A Metrics object with performance metrics evaluated on the dataset.

class pfl.tree.gbdt_model.GBDTModelClassifier(num_features, max_depth=3, learning_rate=0.9, minimum_split_loss=0, base_prediction=0, alpha=None)#

Federated GBDT model for binary classification.

See GBDTModel for description of parameters.

compute_first_order_gradient(target, prediction)#

Compute first order gradient of log loss (cross-entropy loss for binary classification).

compute_second_order_gradient(target, prediction)#

Second order gradient of log loss for binary classification.

predict_classes(X)#

Round predictions to closest of binary values, {0,1}.

class pfl.tree.gbdt_model.GBDTModelRegressor(num_features, max_depth=3, learning_rate=0.9, minimum_split_loss=0, base_prediction=0, alpha=None)#

Federated GBDT model for regression.

See GBDTModel for description of parameters.

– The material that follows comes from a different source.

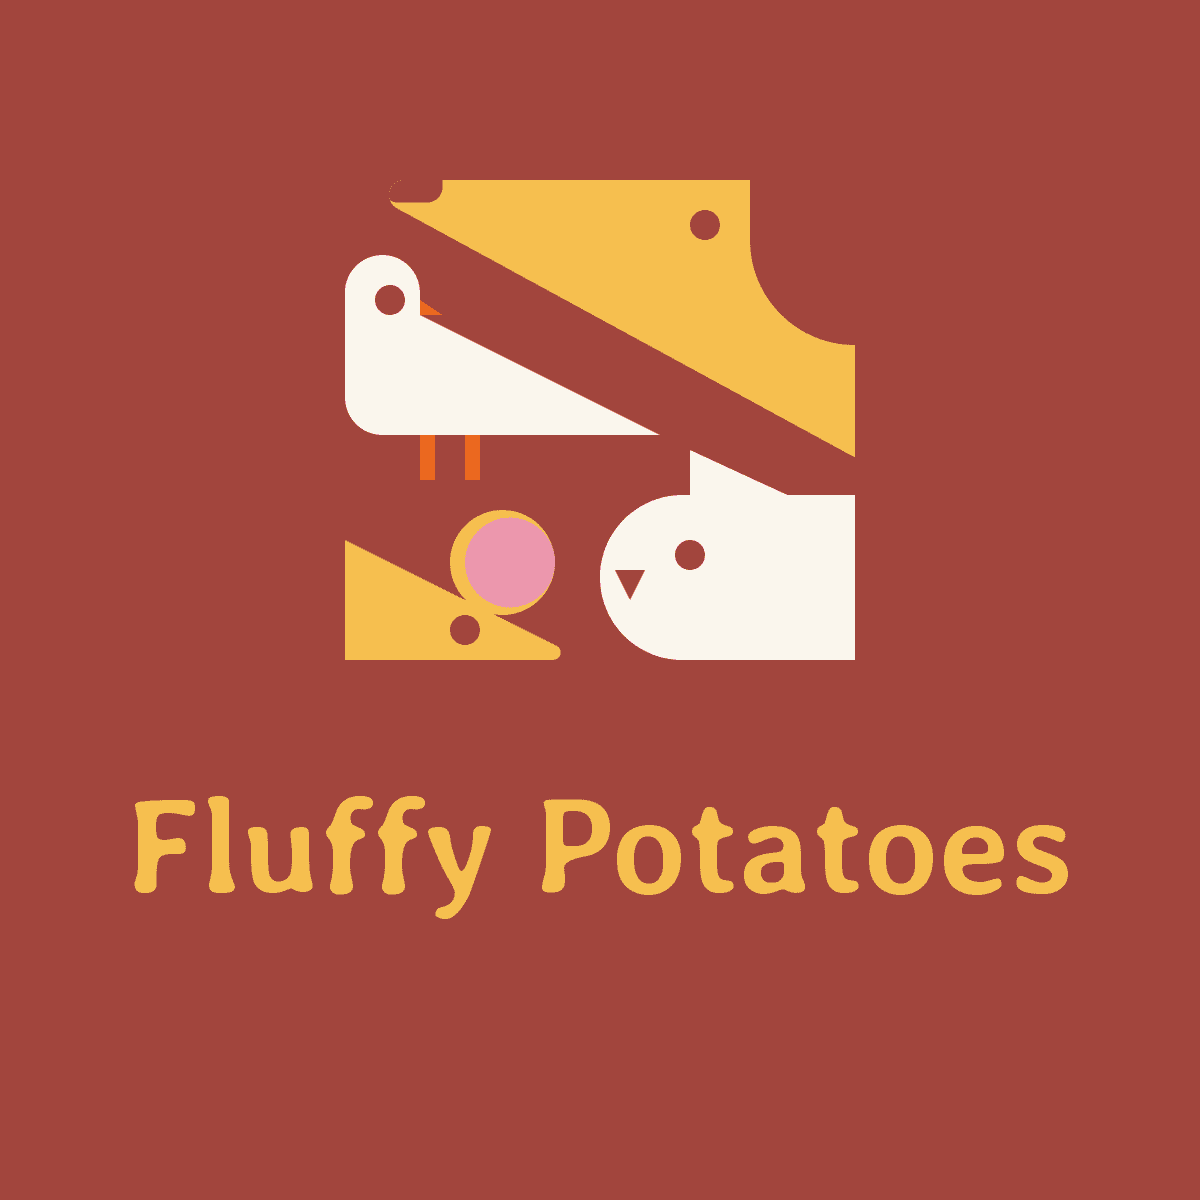 Fluffy Potatoes

compute_first_order_gradient(target, prediction)#

Compute first order gradient for squared error loss function used for regression.

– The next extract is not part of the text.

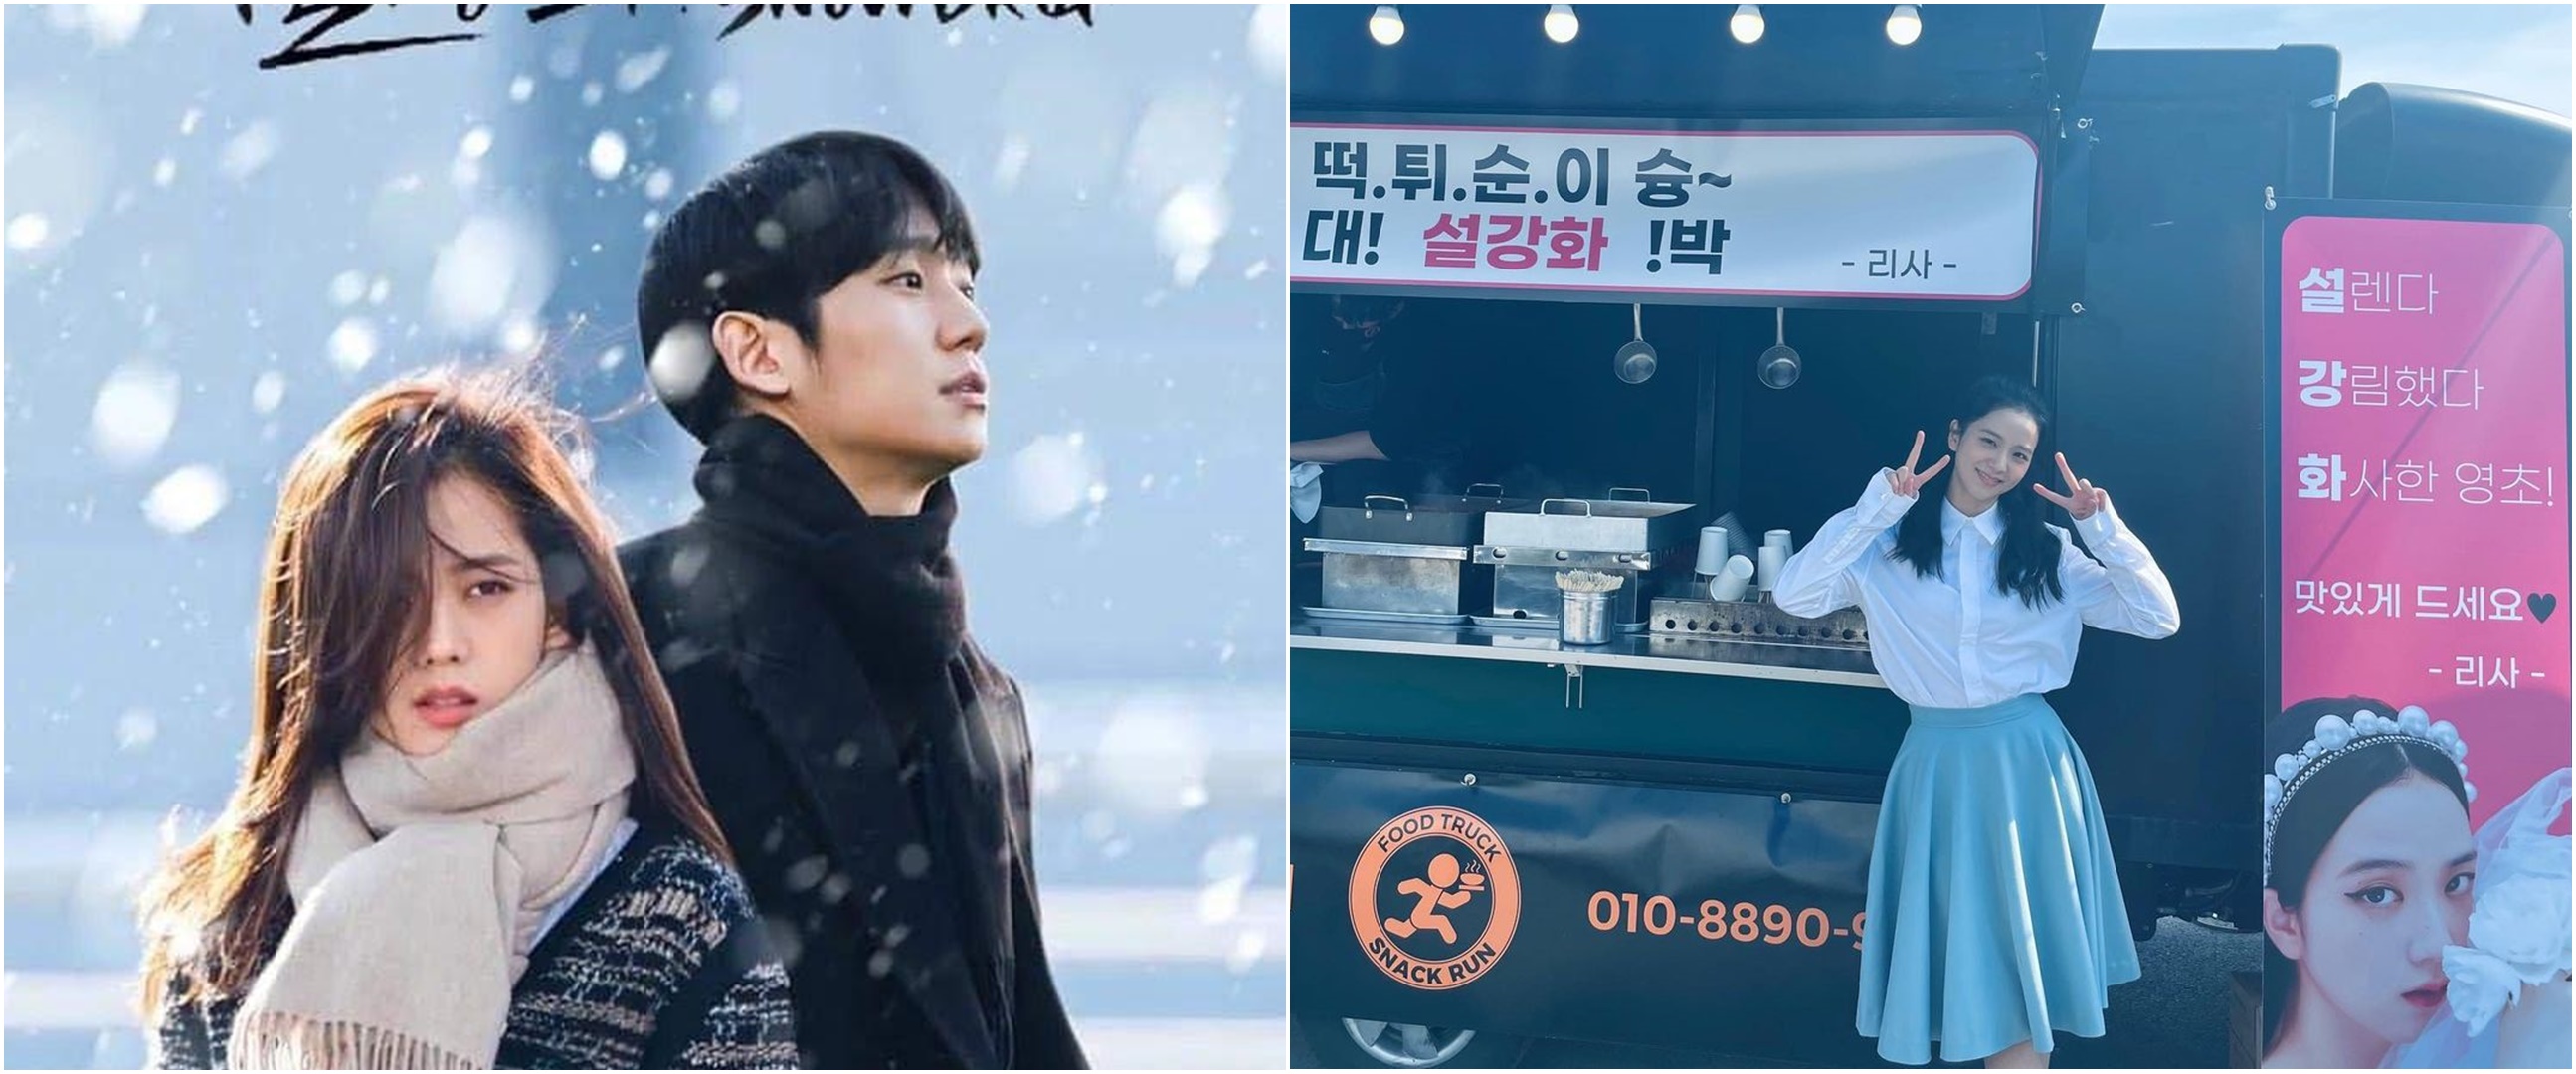 Sinopsis drama Korea Snowdrop debut Jisoo Blackpink jadi pemeran utama

compute_second_order_gradient(target, prediction)#

Compute second order gradient for squared error loss function for regression.

Utils#

class pfl.tree.tree_utils.Feature(feature_index, feature_range, feature_type, num_questions, question_choice_method=None)#

Represents a feature of the data used to train a GBDT. The algorithm used to train a GBDT will select feature splits which optimally partition data to reduce the loss function used for training.

Parameters:
  • feature_index (int) – Index of the feature in the data’s feature vector. Must be non-negative

  • feature_range (Tuple[Union[int, float], Union[int, float]]) – Range of feature, [min_val, max_val].

  • feature_type (Union[Type[float], Type[int], Type[bool]]) – Type of feature: {bool, float, int} are supported.

  • num_questions (int) – Number of questions to ask for this feature during training algorithm. Must be >= 0.

  • question_choice_method (Optional[str]) – Method used to generate questions for this feature, to find optimal feature splits to partition the data. Either equidistant or random for int or float features. Boolean features have default splitting method.

generate_feature_questions(node, num_questions=None)#

Generate questions for feature, to be used in training a tree.

Parameters:
  • node (NodeRecord) – The node in a tree for which questions should be generated for this feature.

  • num_questions (Optional[int]) – Optional parameter for number of questions to generate. If not None, it will override self._num_questions. Can be 0.

Return type:

List[Union[int, float]]

pfl.tree.tree_utils.choose_questions(nodes, features)#

Select questions to be used to train a GBDT in each iteration of training.

Note: leaf nodes only require a single question, as leaf nodes require the value of the node to be determined, which can be computed from the gradients from any split on the data, not the optimal split.

Parameters:
  • nodes (List[NodeRecord]) – Nodes for which questions should be generated so optimal parameters for these nodes can be computed, so these nodes can be added to trees in GBDT.

  • features (List[Feature]) – List of Feature objects used to train a GBDT. Questions will be asked of each Feature to identify the feature-split which achieves the best partition of the dataset to reduce the loss function used for training.

Return type:

Tuple[List[Dict[str, Any]], int]

Returns:

A tuple including a list comprising questions for each node in nodes, to be used for training, and the total number of questions asked. For each node, a dictionary is returned, which includes the path to the node, with the key decisionPath, and a dictionary mapping feature indices to threshold values: these are the questions.